Walking for wellness

30 Apr 2019

Can walking improve your mental wellbeing? The signs all point to yes. A large-scale 2018 study concluded that the positive effects of connecting with nature last up to seven hours after you get home -- and those at greater risk of developing mental health issues benefit more than anyone else. 

The wisdom of our ancestors

Societies around the world link walking with a positive mental attitude, and have done so for thousands of years. Native Americans practise firewalking as a way to overcome self-doubt and focus on mind over matter. Buddhist monks engage in ritual walking in temples as part of a metaphorical journey towards the path of enlightenment. The Japanese have developed the art of "forest bathing", meaning to soak up the quiet atmosphere of the woods to boost creativity. 

What are the benefits?

The physical rewards of regular, brisk walking are clear to see, but the mental benefits might be even more powerful.
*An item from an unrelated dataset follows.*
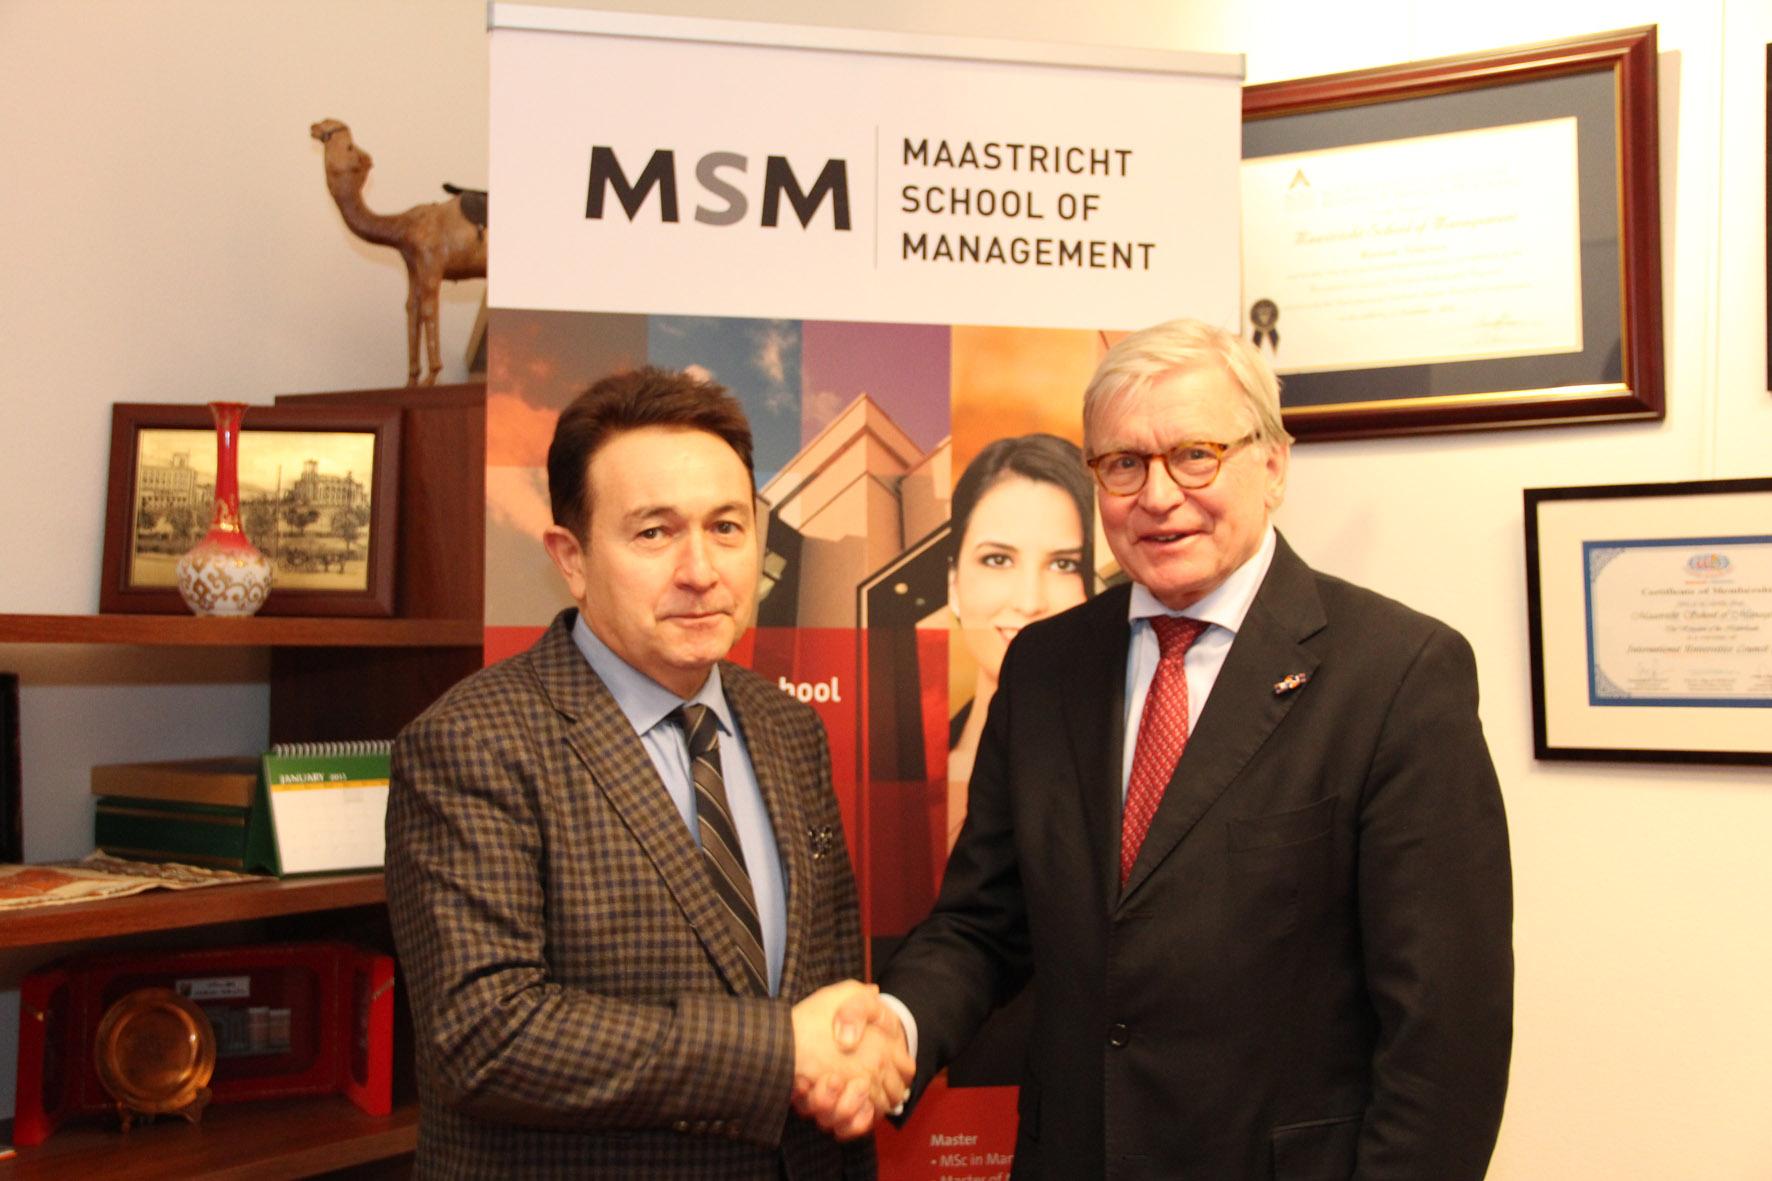 AGÜ ile Hollanda Maastricht Yönetim Bilimleri Okulu Arasında İşbirliği Anlaşması...

Walking can help to reduce the stress hormone cortisol and release mood-boosting chemicals, and can also be a great way to meet new people; you'll find plenty of groups across the UK who meet regularly to walk and talk, whether it's strolling though a local park or accomplishing a challenging ascent of one of the country's most famous peaks. 

Learn to walk mindfully

Plenty of institutions recommend mindful walking to those who find traditional meditation difficult. To bring your mind and body in sync, try to let go of any swirling thoughts and instead focus on what's going on around you with sustained awareness. Walk at a natural pace, pay attention to the rhythm of your footsteps and tune in to the sights, sounds and smells that surround you. If your mind begins to wander, try counting your footsteps to stay present.

A case of wellness wanderlust? 

Walking holidays are tipped to be one of the top travel trends of 2019 -- a huge 81% of you keep active when you travel by walking or swimming. You could take a pilgrimage through Peru, travelling with a local guide to explore Inca ruins and learn about the Andean way of life, or hike an ancient route through the wild interior of Japan, travelling from hut to hut by way of fragrant cedar forests and forested mountains. This new fashion of transformative travel is all about slowing down, enjoying the journey and inspiring lasting life changes.

You can start at your own doorstep

You don't need to travel to a far-flung destination to reap the benefits of the outdoors. By committing to daily walking for a solid month, you can create a habit that's likely to stick. Don't try to change your life in one day -- start simple, like walking the dog at a set time every day, or walking to work in the mornings when the sun is shining. Even in the din of the big city, it's possible to find moments to savour.